Солдаты стреляли не очень хорошо. Салымов стоял, делая пометки в своем блокноте и ни во что не вмешиваясь: стрельбы проводил Дернов. Это было вчера. Когда на огневой рубеж вышел Ершов, лейтенант хмуро сказал: «Стрельба одиночными, пять патронов...» Ершов начал стрелять и мазал отчаянно. «Не так, не так! — досадливо сказал Дернов. — Что, вас на учебном пункте ничему не научили? Ефрейтор Линев, покажите, как надо стрелять».

Вот тогда-то капитан Салымов, взяв Дернова под руку, отвел его в сторону. «Ошибка, товарищ лейтенант. Вы не должны просить кого-то... Вы были обязаны показать сами».

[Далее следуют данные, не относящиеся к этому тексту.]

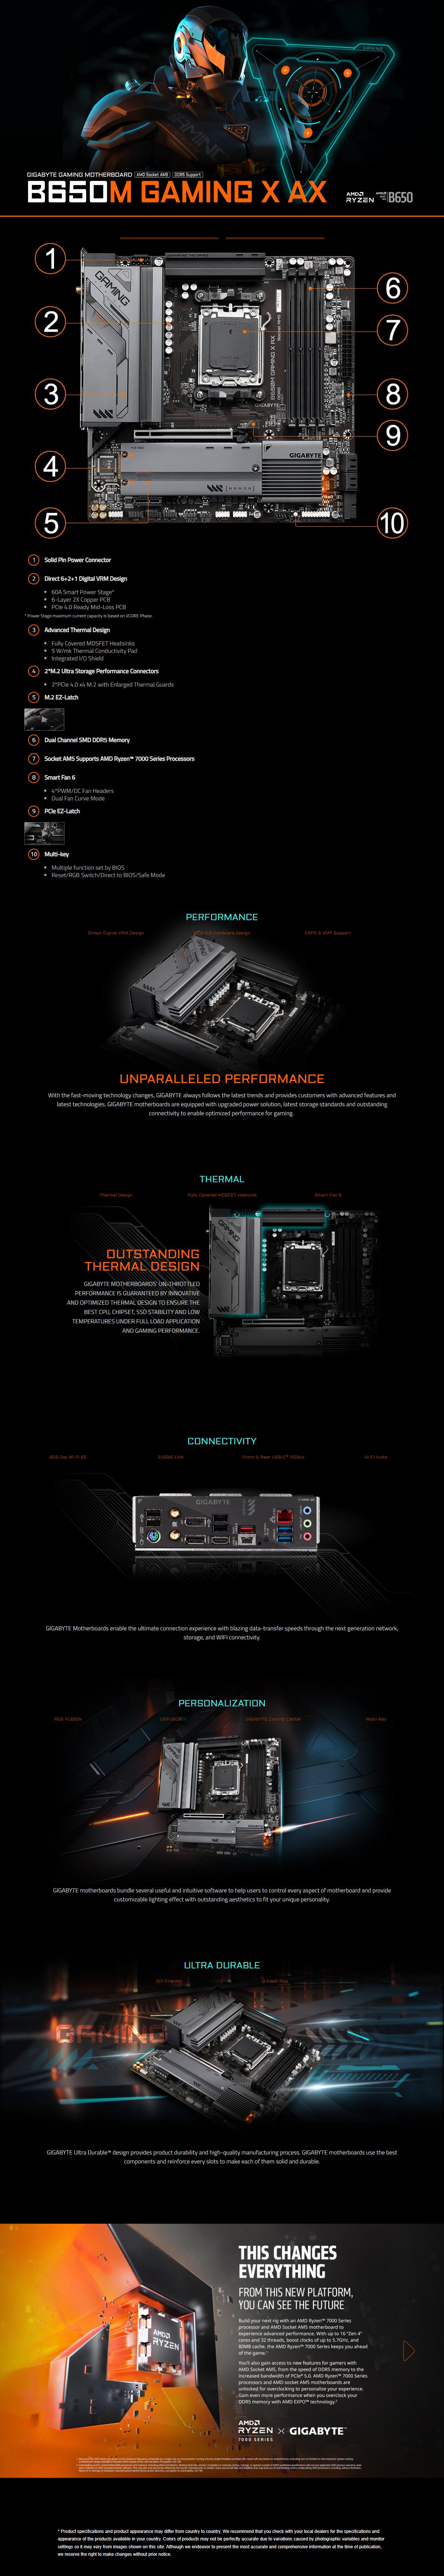 A large marketing image providing additional information about the product Gigabyte B650M Gaming X AX AM5 mATX Desktop Motherboard - Additional alt info not provided
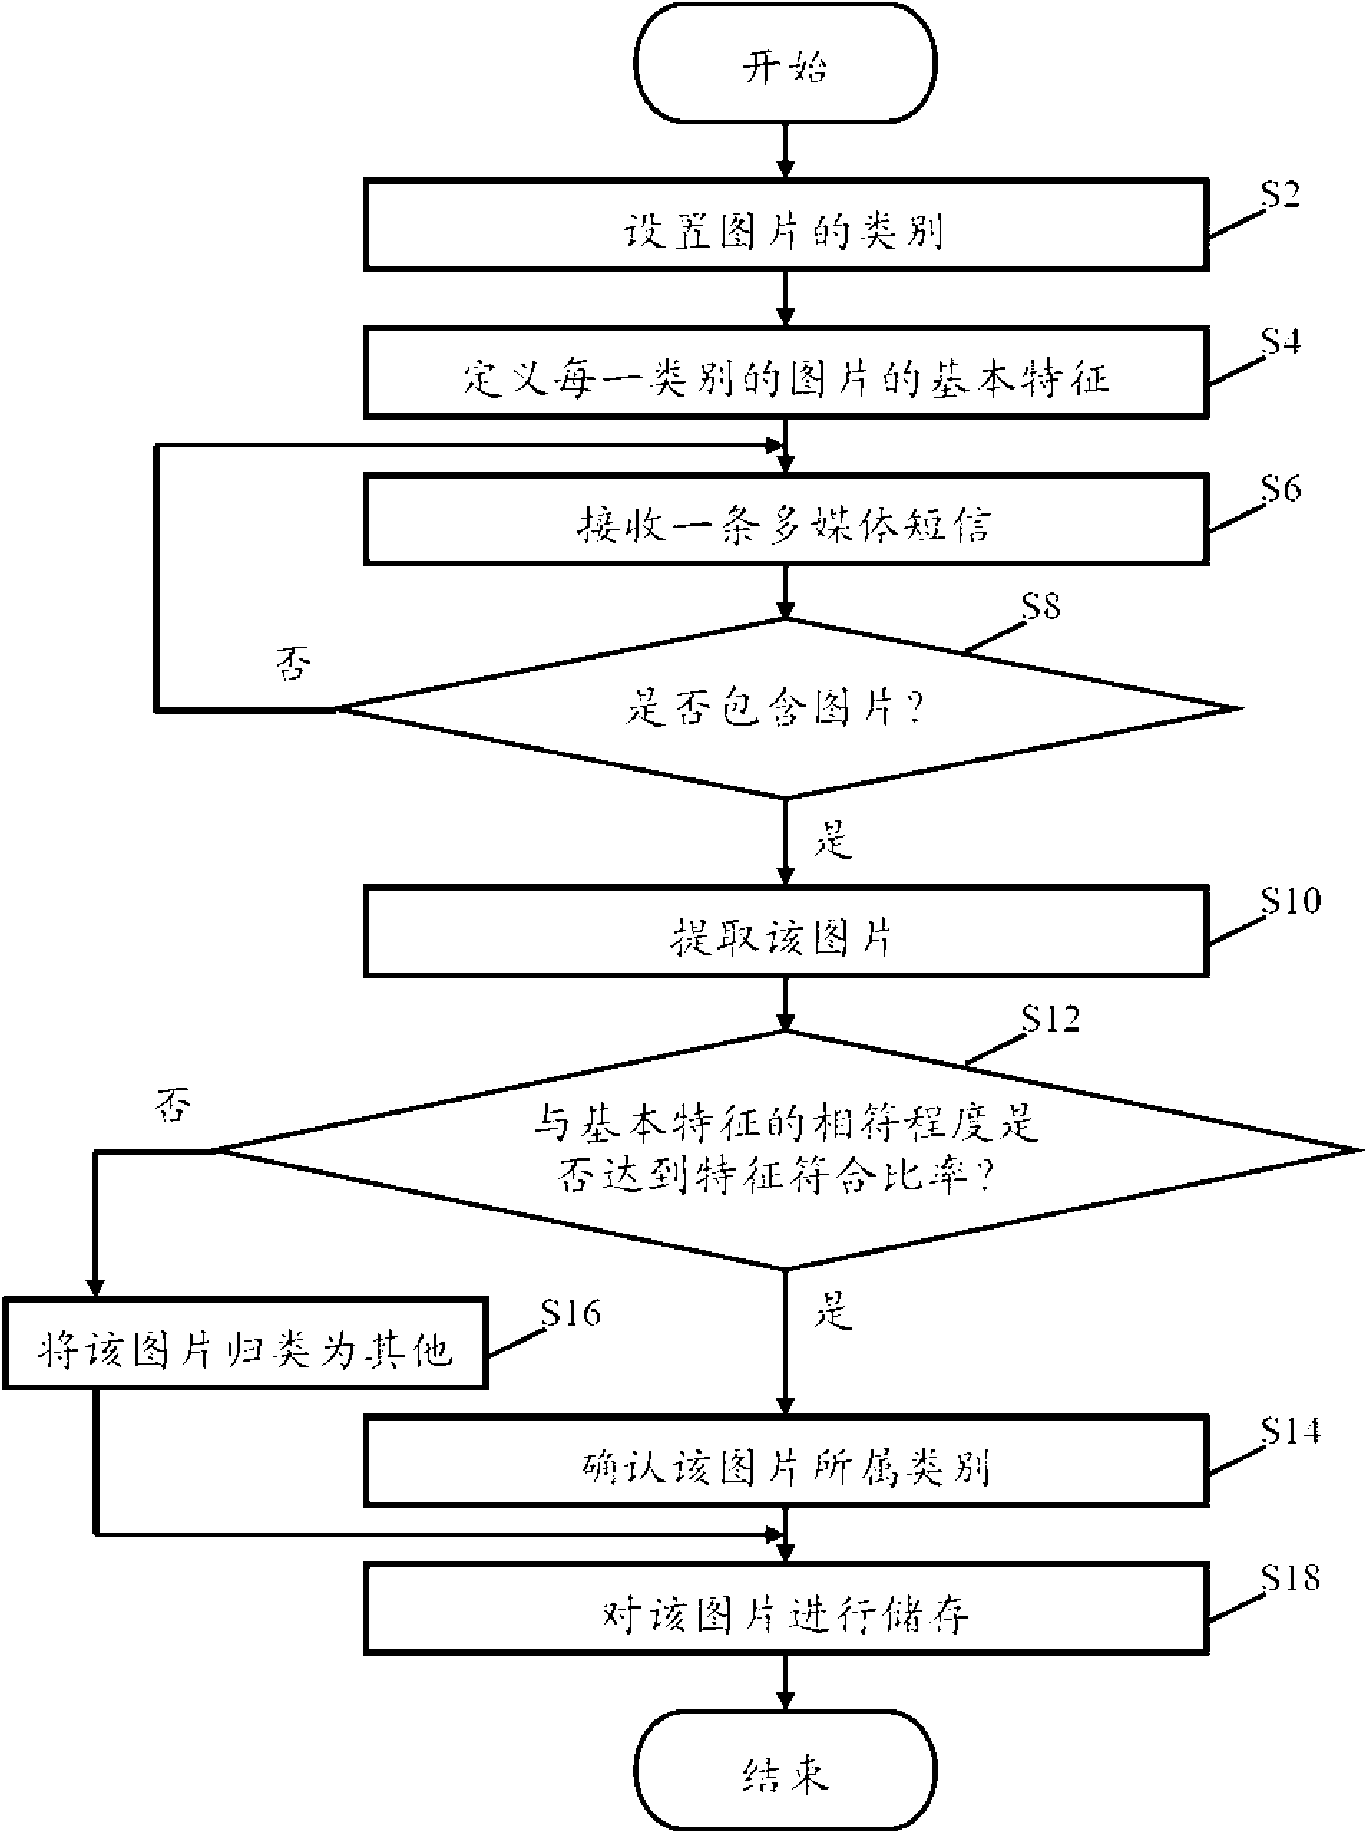 Picture classification system and method

Дернов поглядел на Салымова — тот ответил спокойным, даже, пожалуй, жестким взглядом. Дернов не имел права спорить. Но ему стало неприятно, что Салымов сделал это замечание. Он крикнул: «Отставить, ефрейтор! Я сам...» Должно быть, злость помогла: все пять пуль, выпущенных из ершовского автомата, пробили белый фанерный силуэт, «Вот так надо стрелять, Ершов. Не рвите спусковой крючок, задерживайте дыхание...»

Конечно, Салымов был прав, но Дернов не мог и не хотел признать это. Ничего плохого не произошло, если бы Линев выполнил его приказ. А солдаты, конечно, догадались обо всем и наверняка посмеиваются между собой — вот и лейтенант получил «фитиля», не все нам получать от него! И та неприязнь, которую Дернов с самого начала испытывал к начальнику заставы, усилилась и стала прочной.

Вот почему Дернову понадобилась эта гонка: она успокаивала нервы.

Ничего этого Татьяна не знала и облегченно вздохнула, когда они выехали на шоссе и неимоверная тряска прекратилась. Дернов жал и жал на газ; в щелях брезента, накрывавшего «козлик», свистел встречный ветер.

— Значит, тебе на почту? — крикнул, не оборачиваясь, Дернов.

— Да.

Он затормозил возле почты и вышел сам, доставая сигареты.

— Только по-быстрому, Таня.

Со свертком она поднялась на крыльцо, толкнула дверь. Антонина Трофимовна была на месте и встала, когда Татьяна подошла к барьеру.

— А я только что думала о тебе, — сказала Антонина Трофимовна. — Сидела и думала почему-то...

— Это вам, — сказала Татьяна, протягивая сверток. — Как вы... живете?

— Живу, — пожала плечами Антонина Трофимовна. — Что мне сделается? Спасибо тебе, девочка. А ты вроде бы похудела.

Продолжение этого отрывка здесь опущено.